JPH0119239B2 - - Google Patents

Description

DETAILED DESCRIPTION OF THE INVENTION The present invention relates to a discharge lamp starting and operating circuit, and more particularly to a circuit for quickly restarting an extinguished high-intensity gas-filled discharge lamp while it is still warm.

Known types of circuits for starting and ballasting high-intensity discharge lamps rapidly deionize the discharge lamp when power is removed from the device for a short period of time, and then conduct current when power is applied again. The drawback is that it disappears. This temporary outage can last anywhere from one minute to as long as 15 minutes, depending on the type of discharge lamp, and work and other activities must be interrupted until the lamp is restarted. In the past, various devices have been proposed for quickly restarting discharge lamps, but known devices and circuits of this type are generally expensive, complex in construction, or unreliable in operation.

It is an object of the invention to provide an improved device for starting and operating a gas-filled discharge lamp.
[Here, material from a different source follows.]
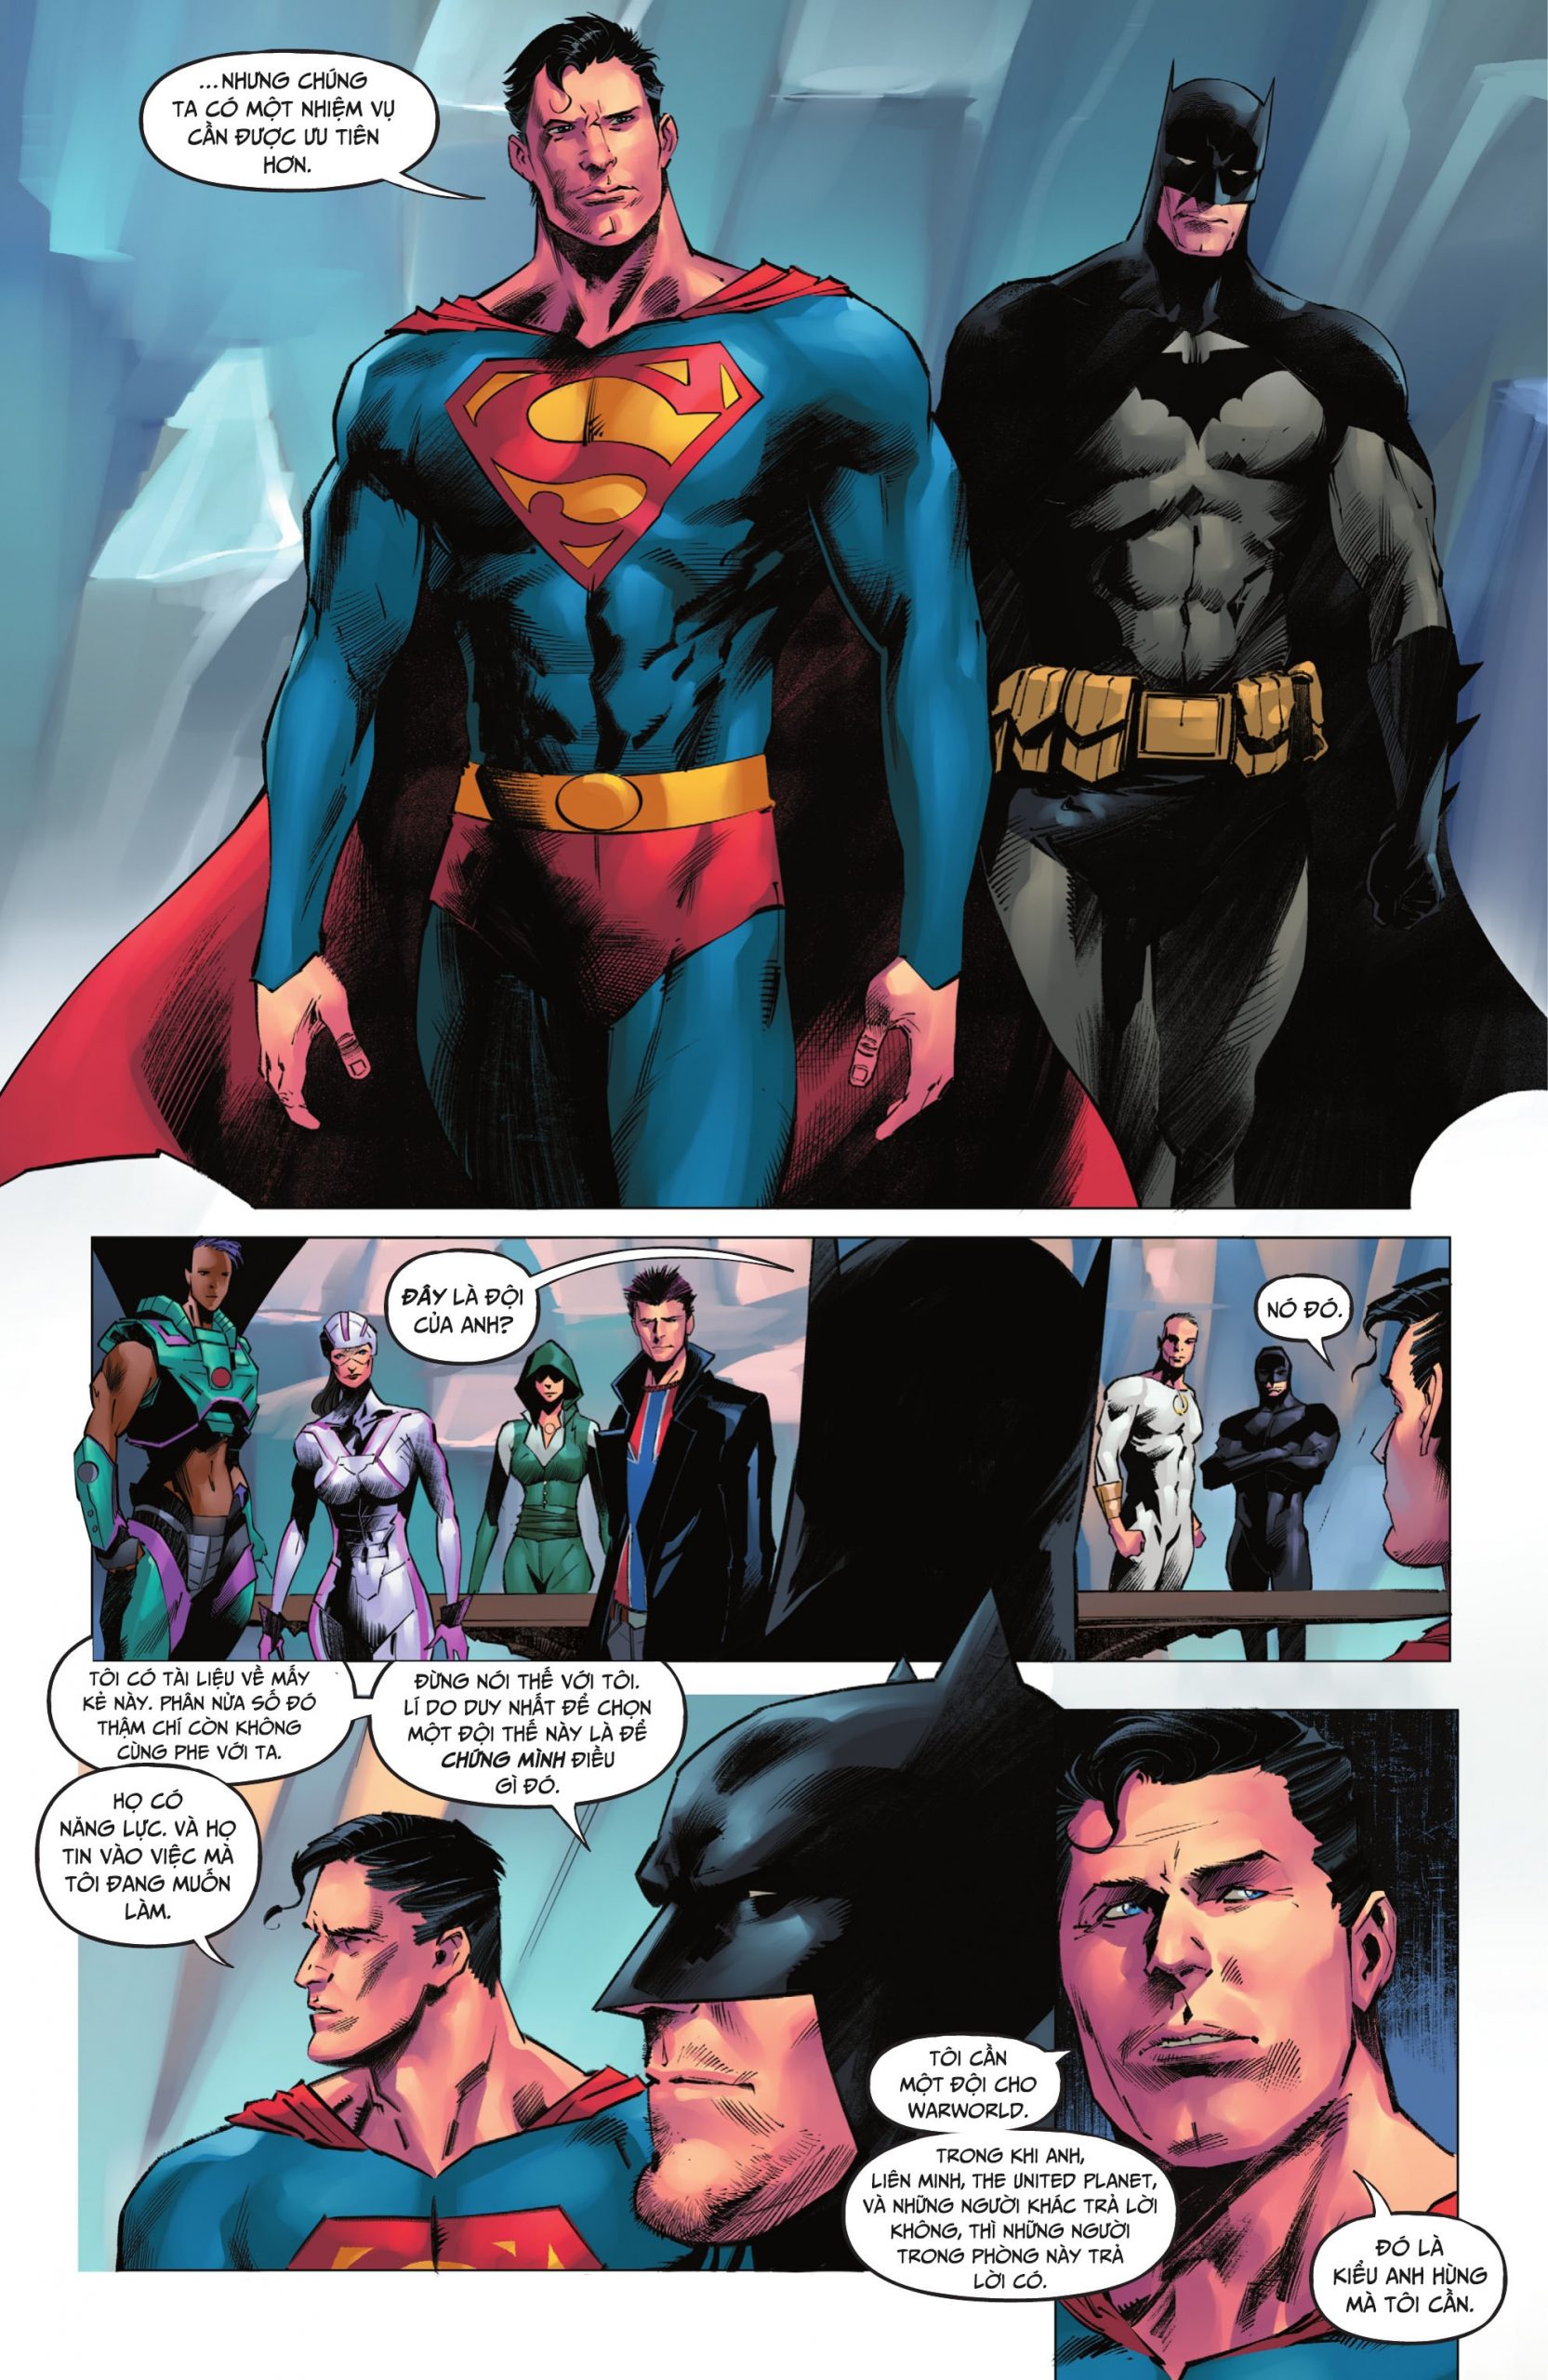 https://langgeek.net/wp-content/webpc-passthru.php?src=https://langgeek.net/wp-content/uploads/2021/11/Batman-Superman-2019-2021-Authority-Special-001-008-scaled.jpg&nocache=1
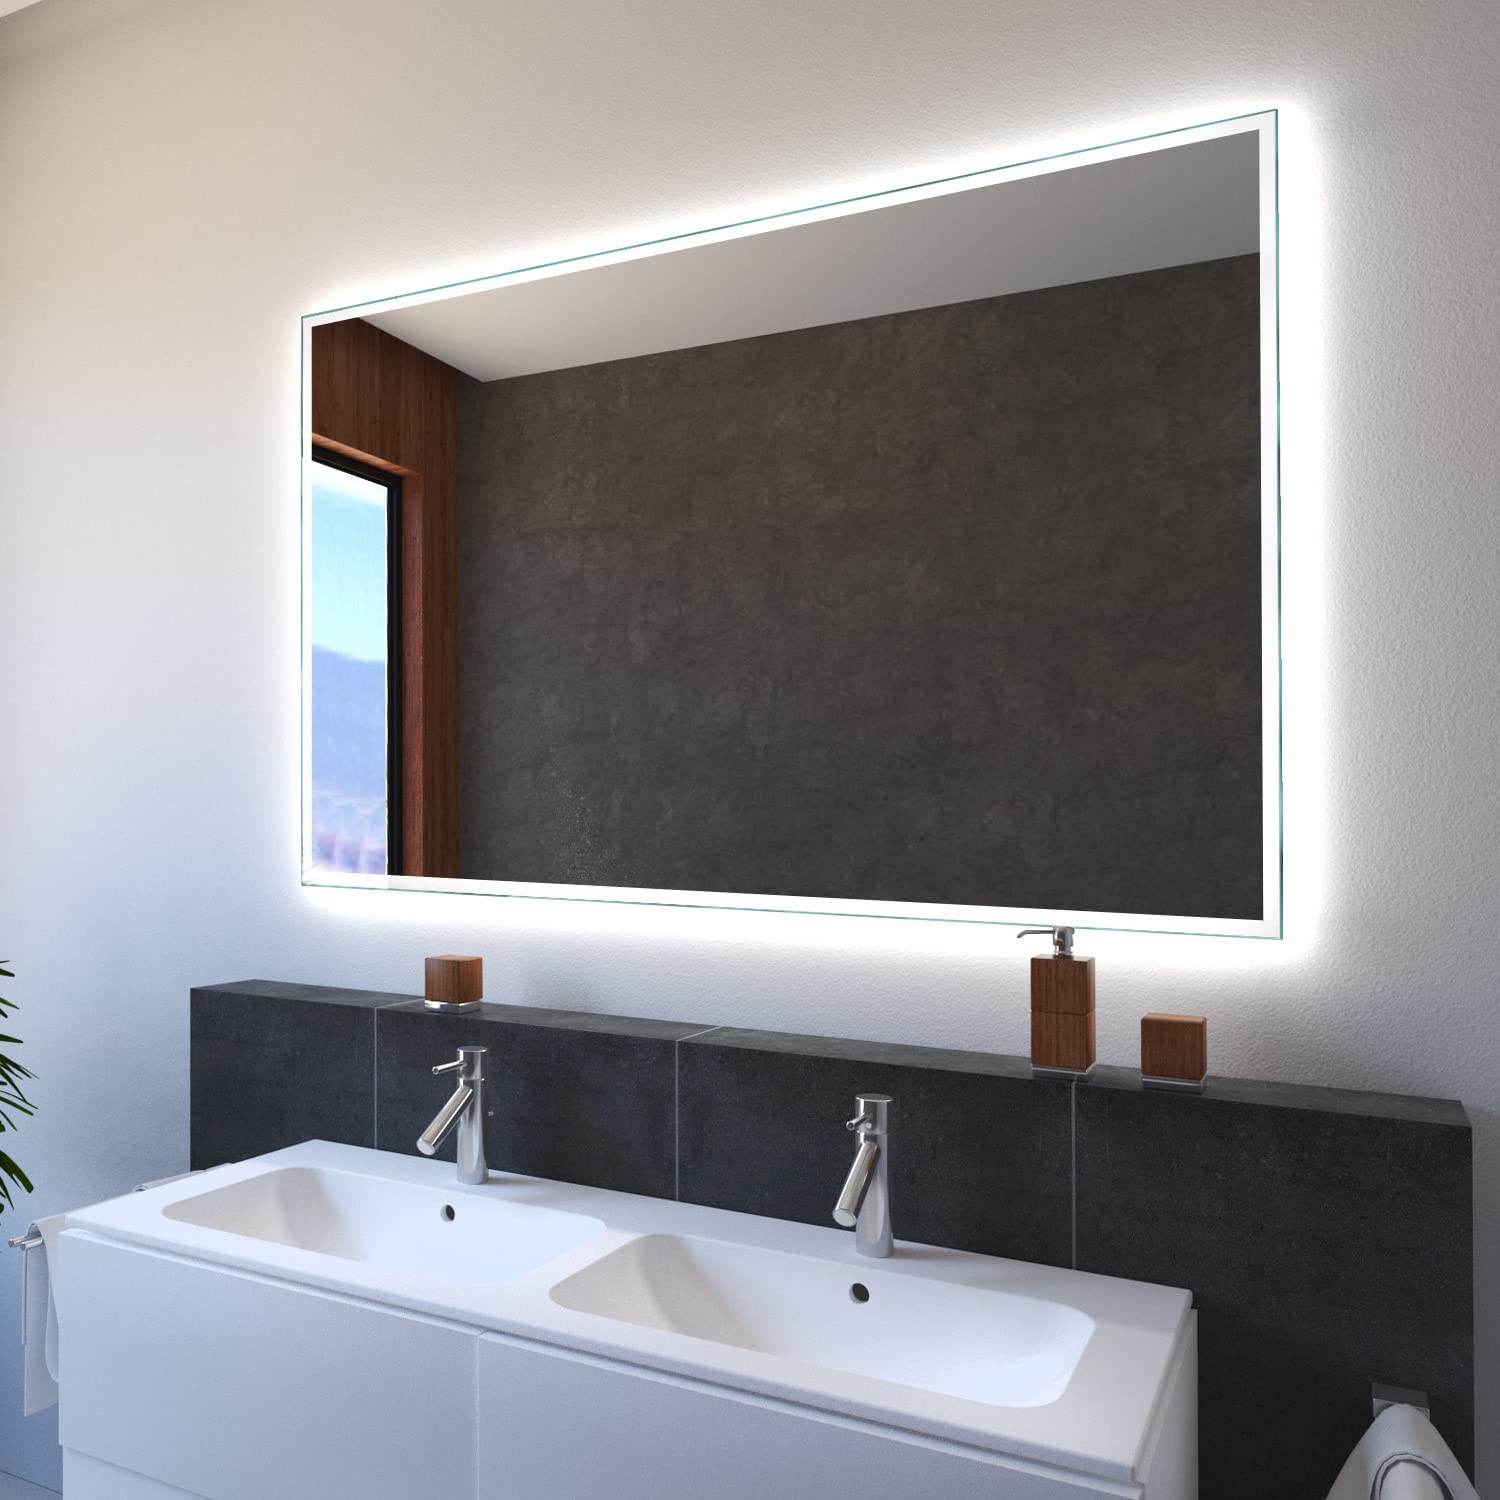 SARAR Wandspiegel mit schmaler rundum LED-Beleuchtung 70x70cm Made in Germany Designo MA4111 Badspiegel Spiegel mit Beleuchtung Badezimmerspiegel nach-auf Maß

With the above-mentioned object in mind, one aspect of the invention provides that a starting and operating circuit for a gas-filled discharge lamp comprises an alternating current source and inductive ballast means whose input side is connected to said alternating current source. a discharge lamp means connected to an output side of said ballast means, a transformer means connected in series between said discharge lamp means and said ballast means, an input side connected to said alternating current source; The output side is connected to transformer means such that the transformer means steps up the sinusoidal voltage generated by the oscillator means and applies it to the discharge lamp to start and restart the discharge lamp means. comprising sinusoidal oscillator means and variable impedance means connected between the alternating current source and the oscillator means to reduce the power to the oscillator means when the discharge lamp means is not activated or inoperative. ing.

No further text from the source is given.